15.4—Handstand push-ups! We don’t want to say that we called it, but…In fact, leading up to 15.4 the general buzz around the community was that a bodyweight movement would make its debut in this year’s Open, and the consensus was that it would be the handstand push-up (HSPU). Well, you were right!
In a rematch between the competitors of last years 14.4 announcement, Scott Panchik and Josh Bridges took to the floor at CrossFit X-Factor in Portland, OR. Moments later, Dave Castro joined them, and proceeded to ask the athletes what they would like to see in the workout.
Bridges: “Squat cleans and burpee box jumps.”
Panchik: “Hang cleans and burpee box jumps.”
As the athletes were talking, a whiteboard was brought out behind them. Always looking to add some drama to the show, Castro then announced our fate for the fourth workout of the 2015 Open.
“15.4 is…going to follow this rep scheme.”
Castro takes out a pen.
“3, 3. 6, 3. 9 ,3. 12, 6. 15, 6. 18, 6. 21, 9. 24, 9. 27, 9 and so on.”
Well, that’s certainly new. But what are the movements that will be accompanying this rep scheme?
“The first movement is…push-ups.”
WHAT? I’d wager that most athletes watching the announcement around the world eagerly started rubbing their hands together, contemplating what life would be like in the round of 27/9. Bridges and Panchik looked at each other, visibly surprised—or was that confused?
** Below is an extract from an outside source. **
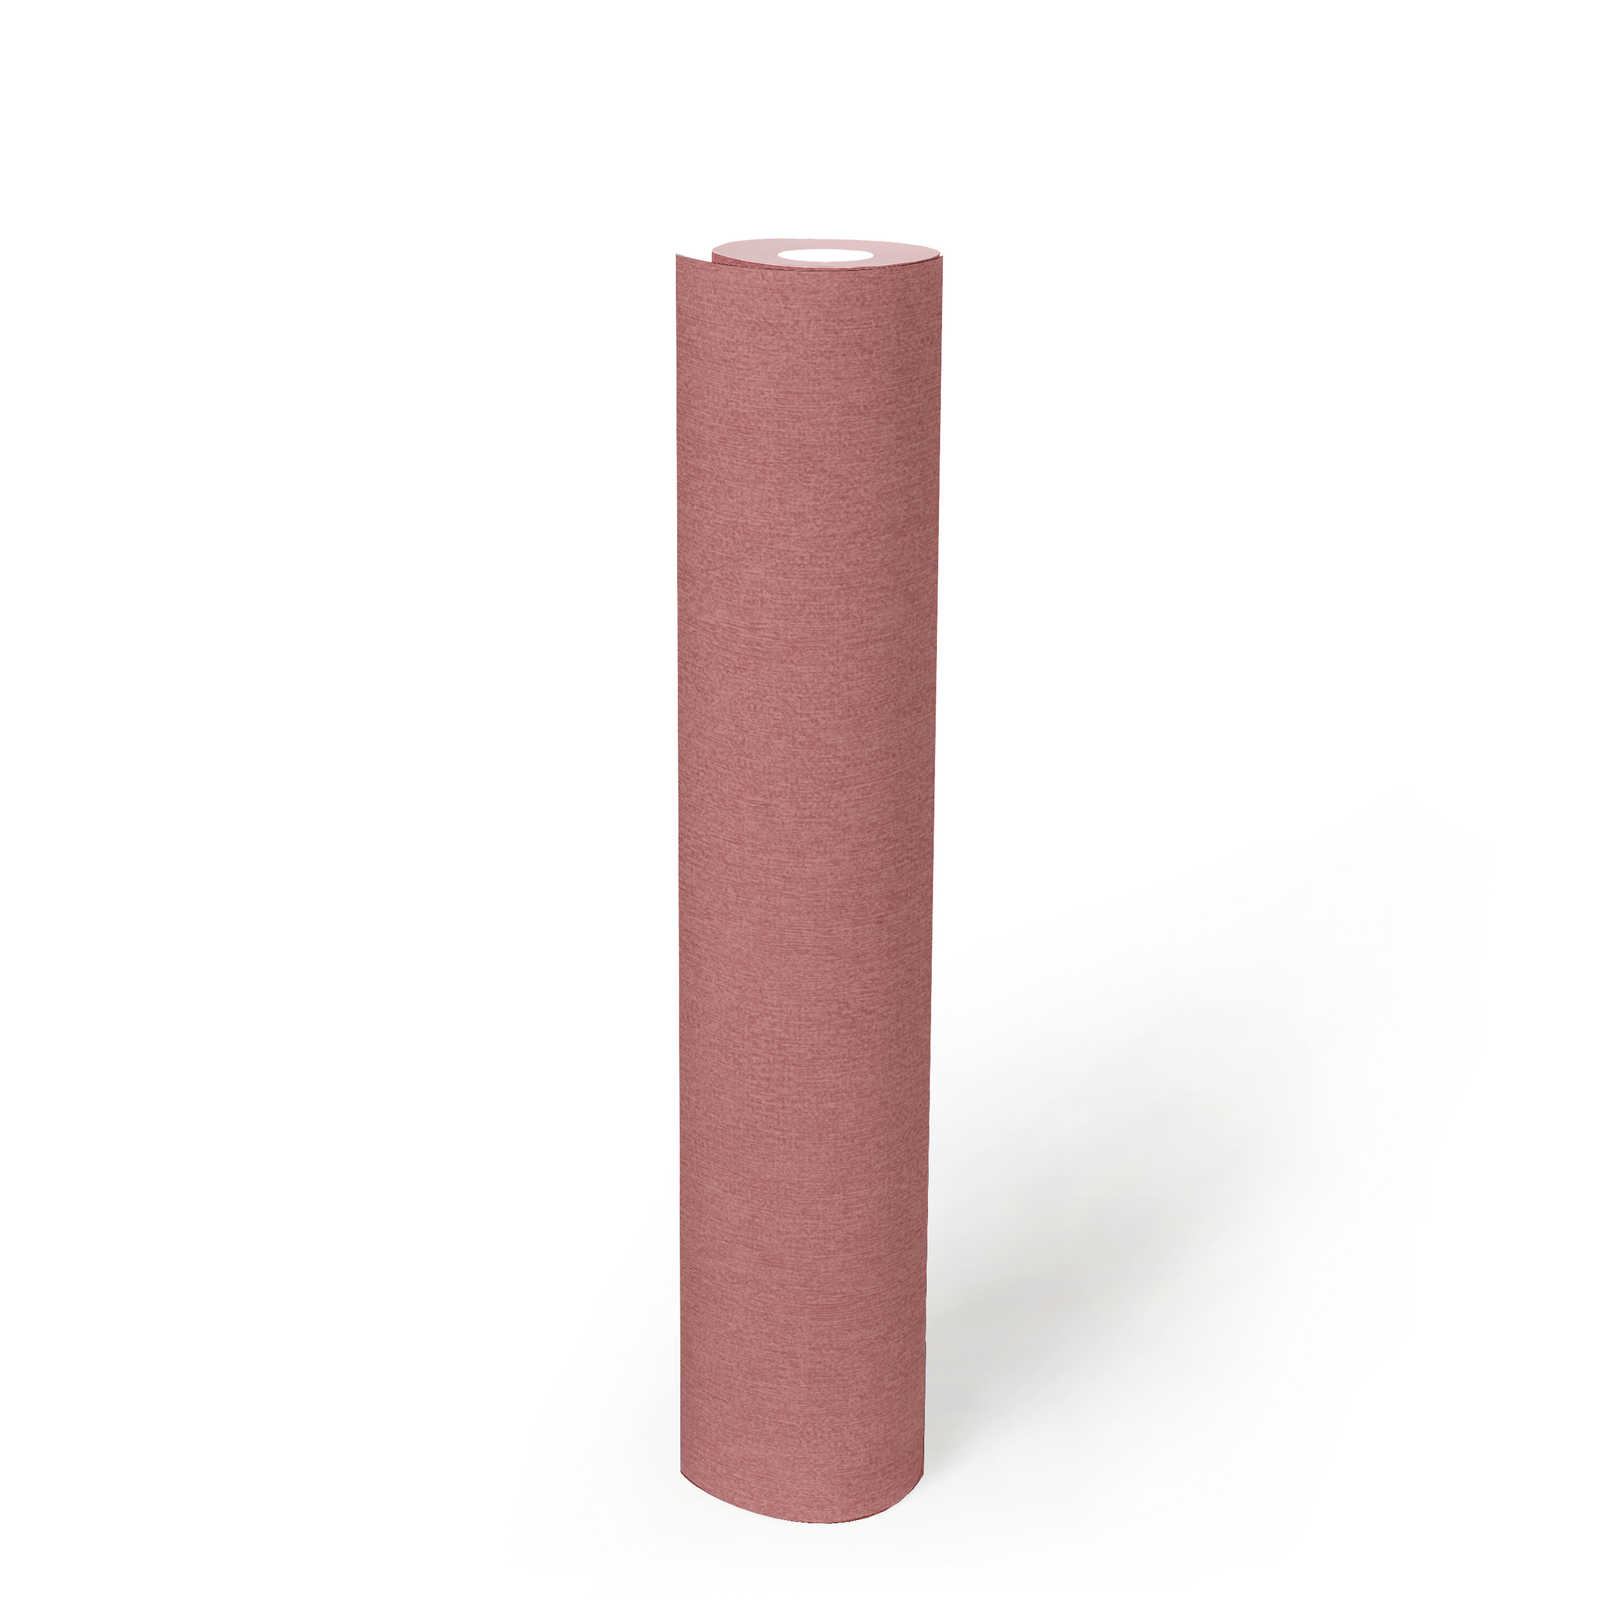             Vliestapete einfarbig & matt mit Struktur Muster – Rosa

“The second movement is cleans at 185lbs. 15.4 is…wait, wait, wait. We do have a scaled option this year, let’s take advantage of that.”
Oh boy. Here it comes.
“The first movement in 15.4 is really handstand push-ups. The second movement is cleans at 185lbs for the men, 125lbs for the women. As many reps as possible in 8 minutes.”
3 handstand push-ups
6 handstand push-ups
9 handstand push-ups
12 handstand push-ups
15 handstand push-ups
18 handstand push-ups
21 handstand push-ups
Etc., following same pattern
Men 185 lb. Women 125 lb.
As the two men warmed-up, we were told to pay close attention to the movement standards for this workout, and the reason why became immediately apparent—these weren’t going to be your typical HSPUs. Athletes and judges need to mark a ‘foot line’ on the wall that the athlete must clear with their heels for each rep to count. To do this, athletes need to stand facing the wall, with their arms and hands held straight above them, with the thumbs touching. From here, mark the height of your wrists, then measure 3 inches down and create a line on the wall. That’s the line you need to clear.
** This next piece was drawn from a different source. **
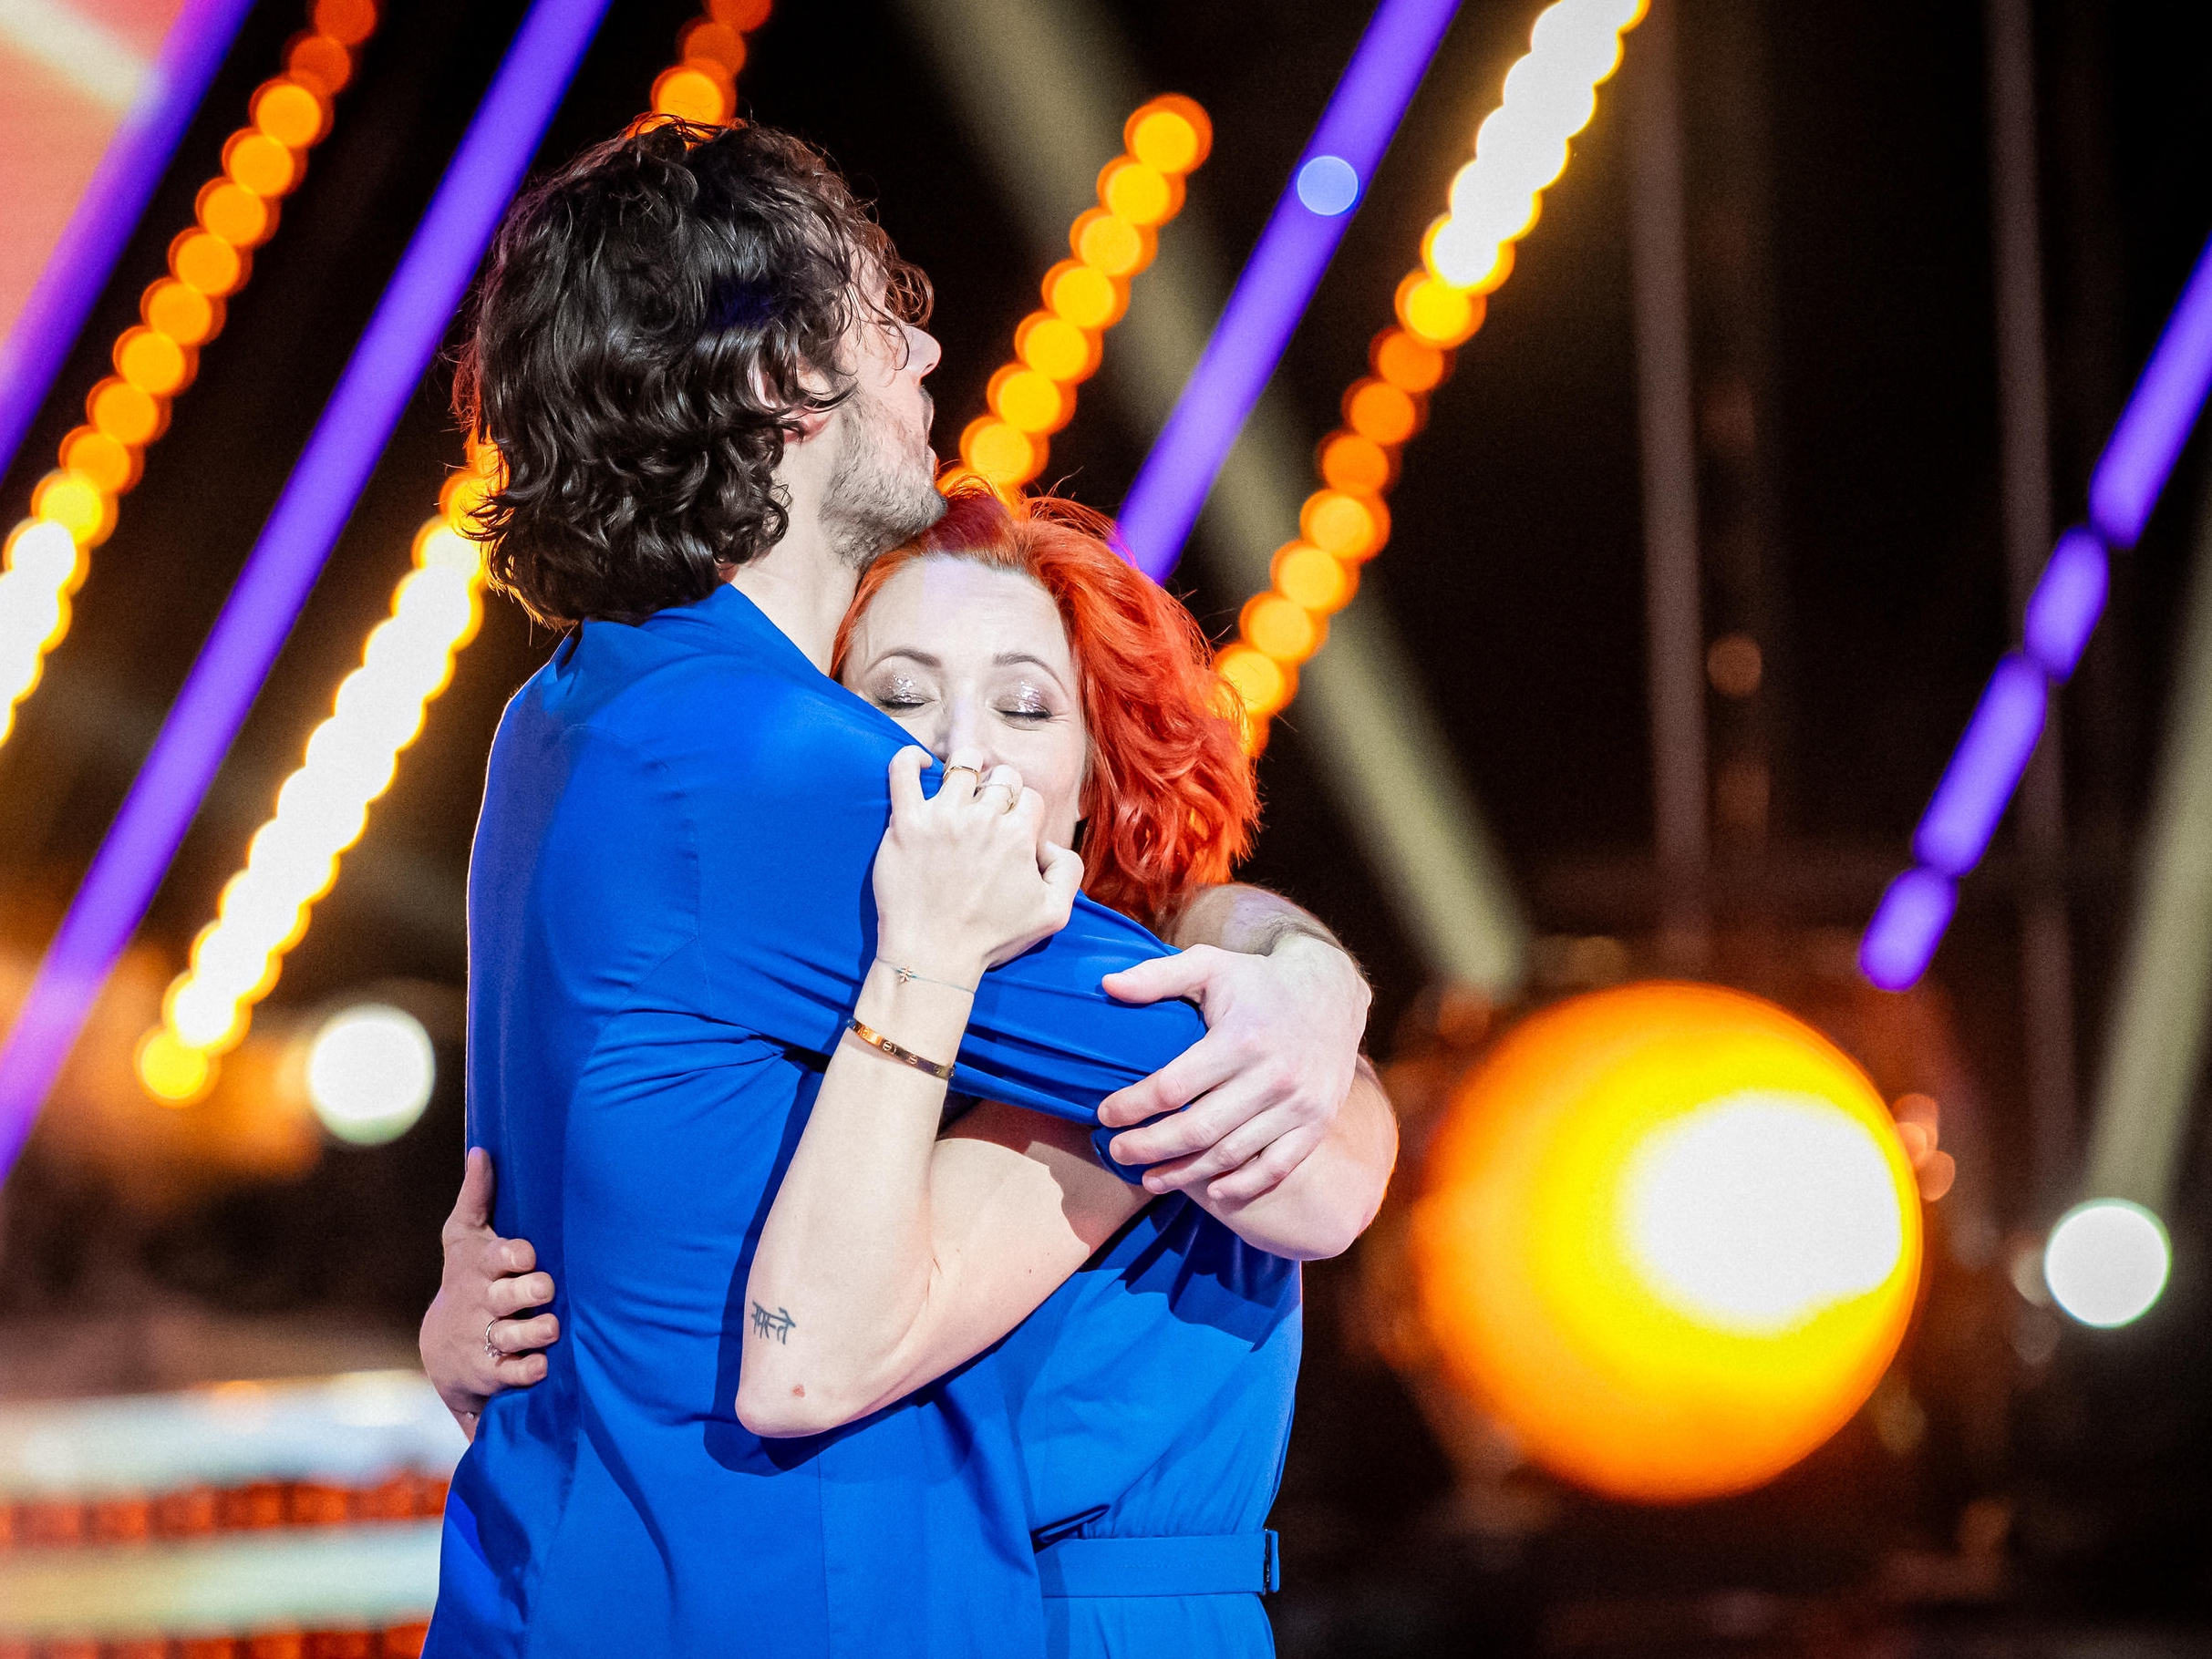 Natasha St-Pier et Anthony Colette ont remporté ce vendredi soir le concours de «Danse avec les stars» sur TF1, au terme d'une saison explosive. TF1/Pixeline Photographie

Prior to the start of the workout Games legend Chris Spealler joined our screens to give his preview, and, in so doing, provide a little advice to all the athletes who will be attempting 15.4 over the weekend.
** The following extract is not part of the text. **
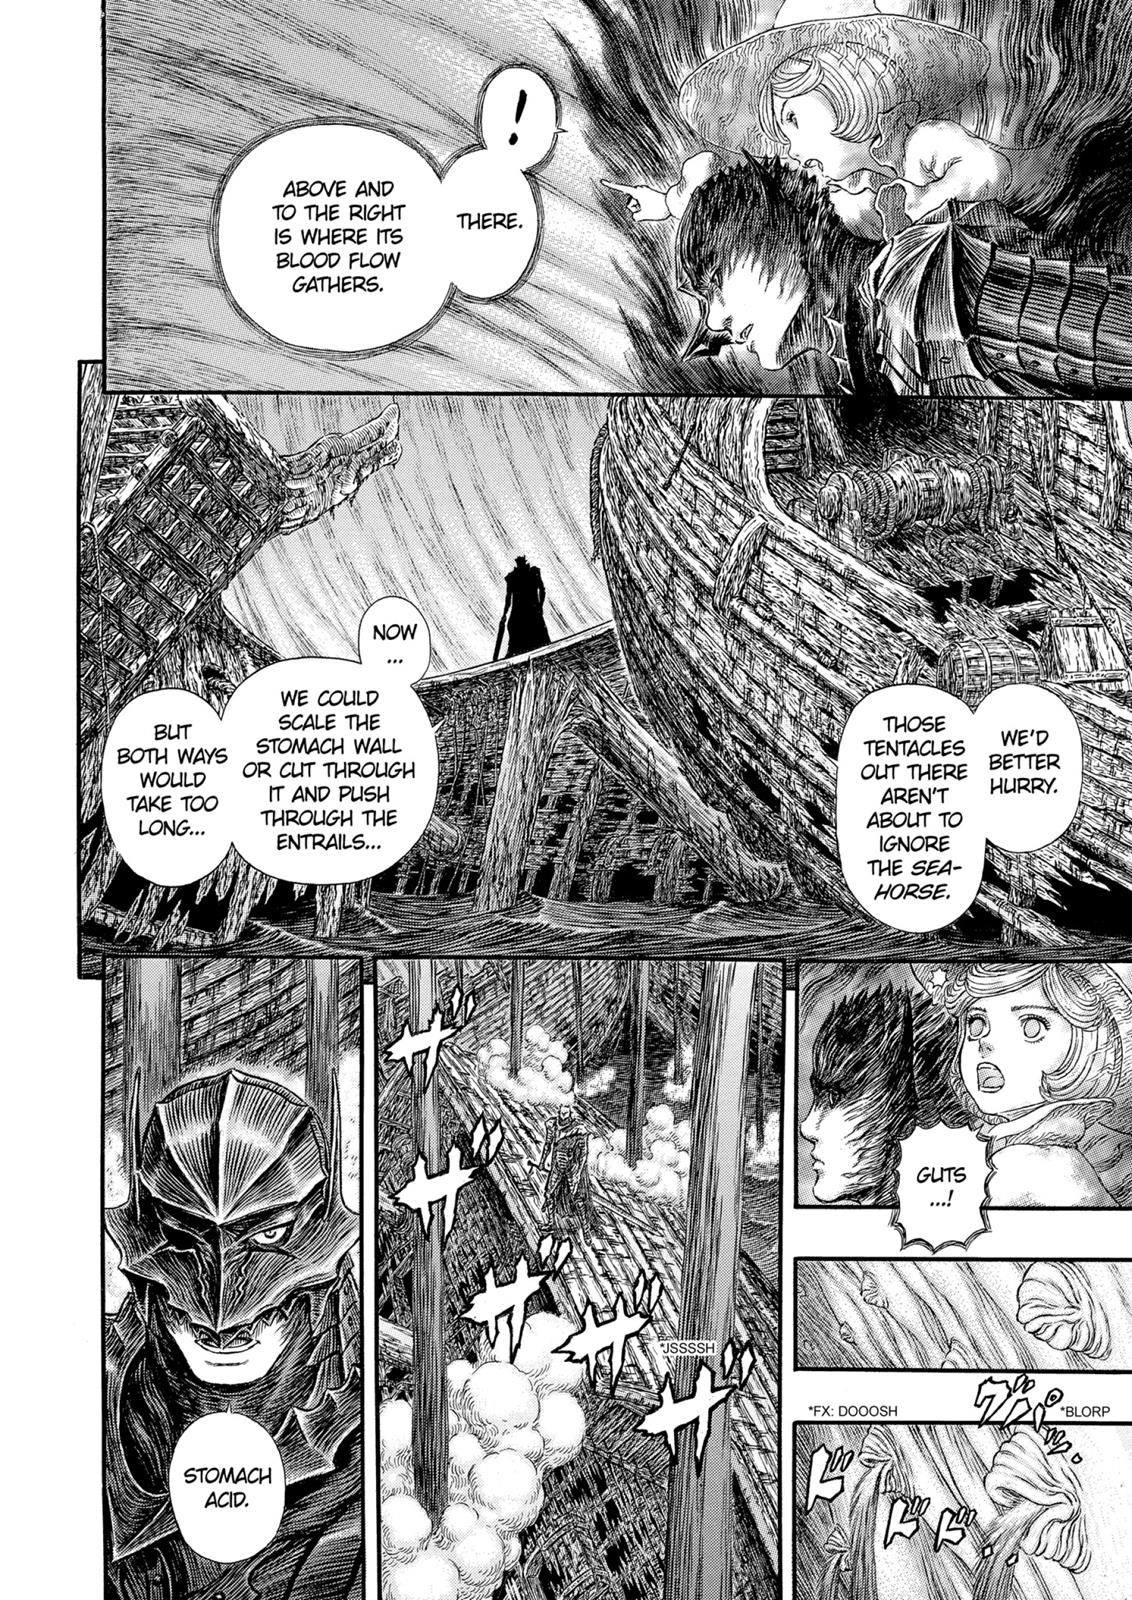 Berserk Manga Chapter 320 image 11

“I think you’ll be shocked to see how quickly these guys go to singles on the cleans in order for them to recover so they can get back to the HSPUs in time. For you guys watching, break those puppies [the HSPUs] into small sets of two and three with short breaks.”
Before the workout began, I think it’s fair to say that most people would have picked Bridges to take the win. After all, with his smaller stature (and short range of motion) Bridges is renowned for his HSPU ability, and 185lbs is a relatively light weight for both men. In fact, Chase Ingram, Bill Grundler and Chris Spealler (who were working as the play-by-play announcers for the event) all predicted that Bridges would take the win over Panchik.
In the very first round, Bridges cranked out three strict HSPU, while Panchik kipped his opening set. Still, both men got to the barbell at the same point. However, Bridges elected to go touch-and-go on his first three cleans, while Panchik immediately broke them up into singles. In fact, Bridges performed the first two rounds of the workout unbroken with strict HSPUs, while Panchik employed a methodical pace that saw him rest on his head during the HSPUs and drop the barbell after every clean.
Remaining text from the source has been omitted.